The Congressional Tax Plan is a Half-Measure Improvement for Medical Researchers
ASGCT Staff - December 21, 2017
Though maintaining tuition waivers for graduate students is a net positive, cutting the Orphan Drug Tax Credit in half will harm medical research in the United States. ASGCT is disappointed that Congress missed this opportunity to improve conditions for medical innovation in the United States.
Earlier this week, both chambers of the United States Congress ushered through a bill to drastically transform American tax policy. That reconciled bill is soon headed to the White House with a couple of added provisions that both maintain conditions for graduate researchers and reinstate a fraction of the Orphan Drug Tax Credit, a research incentive used to develop groundbreaking treatments for rare diseases.
The initial bill, since renamed “To provide for reconciliation pursuant to titles II and V of the concurrent resolution on the budget for fiscal year 2018,” passed by the House of Representatives had a provision that would impose a tax on tuition waivers that graduate students receive from their universities.
Currently, graduate students are taxed on the monetary stipends they receive from their academic institutions. The House bill sought to change that by counting tuition waivers as income, effectively pricing thousands of graduate students out of their academic institutions. The Senate passed their version of a tax bill that did not make any changes to the way tuition waivers are taxed.
During reconciliation negotiations, the House and Senate removed the tax on tuition waivers from the final bill. ASGCT strongly supports the removal of the tax on tuition waivers.
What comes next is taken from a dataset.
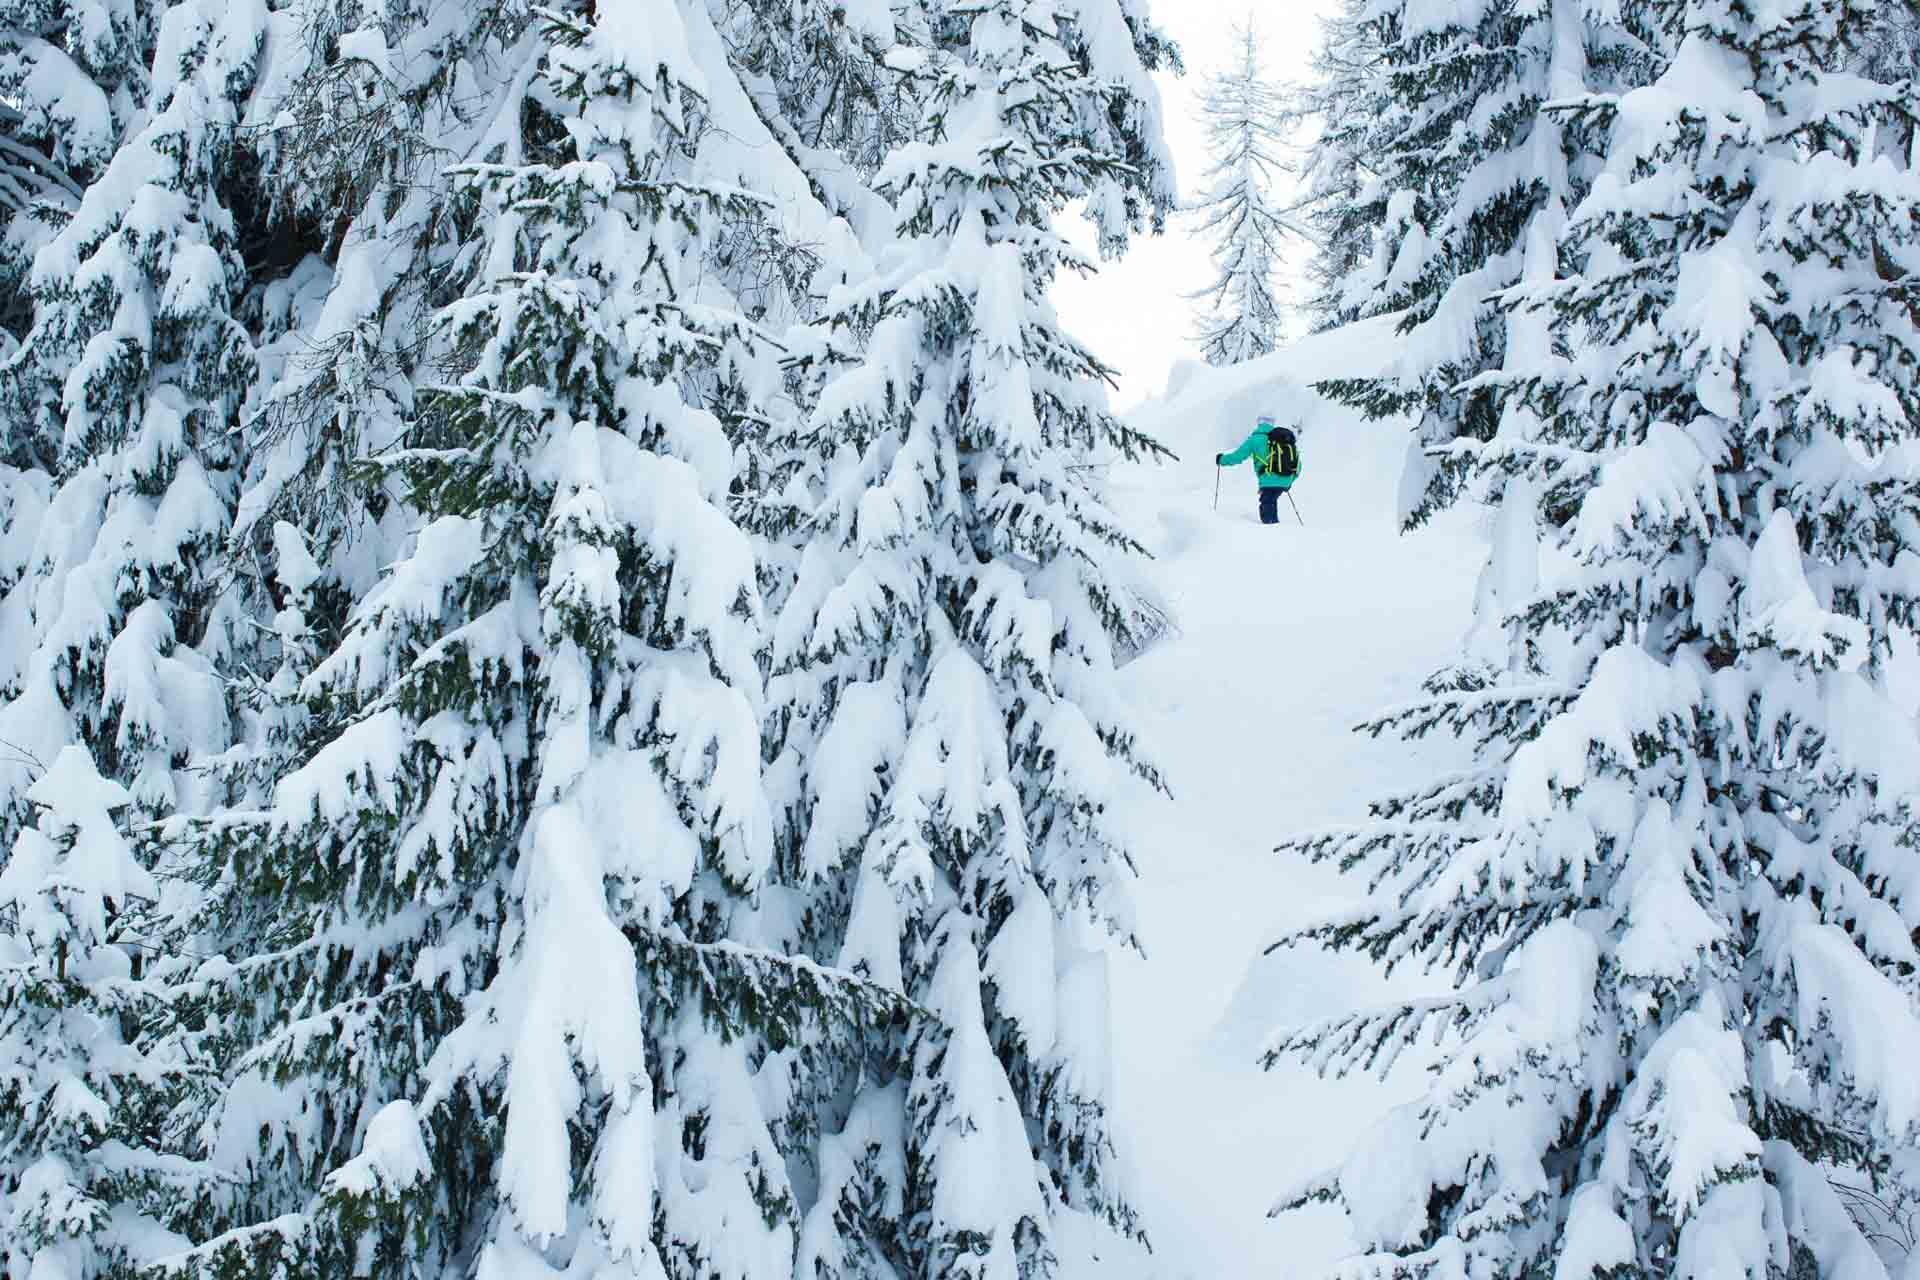 Le ski de randonnée à travers les sapins, avant une descente bien méritée © Elina Sirparanta

“Taxing tuition as income would have devastated graduate students and ultimately the public who depend on these findings to generate new therapies,” Dr. Nicole Paulk, ASGCT Trainee Committee Co-Chair, Scientist at the Chan-Zuckerberg Biohub, and Assistant Adjunct Professor of Biochemistry & Biophysics at UC-San Francisco, says.
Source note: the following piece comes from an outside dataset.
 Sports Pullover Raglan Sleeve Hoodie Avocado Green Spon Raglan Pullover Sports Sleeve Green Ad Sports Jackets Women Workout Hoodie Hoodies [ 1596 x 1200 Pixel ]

Graduate students play a crucial role in finding potential cures and developing cutting-edge science. An excessive tax would harm their livelihood and the future of such cures and discoveries. The fact that universities waive tuition expenses for graduate students is an acknowledgment that graduate students are performing an essential public service.
“Investments in the NIH, early investigator grants, and programs that train physician-scientists like the Medical Scientist Training Program, are crucial investments in future life-saving therapies,” Alexander Jares, ASGCT Trainee Committee Co-Chair and MD/PhD candidate at Stony Brook University School of Medicine, says.
It is promising to see that Congress also views this work as a service to society by ensuring that graduate students are only taxed on the income they actually receive. This tax would have inhibited scientific research in the United States, leaving our nation at a significant competitive global disadvantage.
Also in the Bill…
The conference committee also reconciled the difference between the House and Senate versions of the tax legislation regarding the Orphan drug Tax Credit (ODTC). The ODTC currently allows drug manufacturers to claim a tax credit of 50 percent of the qualified costs of research and development of treatments for rare diseases. The tax legislation reduces the ODTC rate to 25 percent of qualifying development costs.
The reduction of the ODTC negatively impacts the gene and cell therapy fields. While ASGCT is relieved that the ODTC was not completely eliminated, as was proposed by the House version of the bill, the Society is concerned about its reduction.
Many rare diseases are serious or life-threatening, and few have currently-available treatments. Gene and cell therapies, now approved for the treatment of certain blood cancers and a certain types of retinal dystrophy, holds substantial potential to provide vital treatments for rare diseases often caused by genetic mutations.
Gene and cell therapies may produce durable or potentially curative results with as little as one dose. However, years of research may be necessary to arrive at an effective approach, and the small pool of patients with a particular rare disease available for clinical trial participation may further extend the time frame to attain market approval. Such challenges to the innovation of gene therapies for rare diseases need to be balanced by incentives to develop these crucial therapies.
ASGCT is disappointed that the tax legislation reduced the ODTC rate to 25 percent and encourages future efforts to create new incentives for rare disease drug development to compensate for the decreased incentive offered by the ODTC.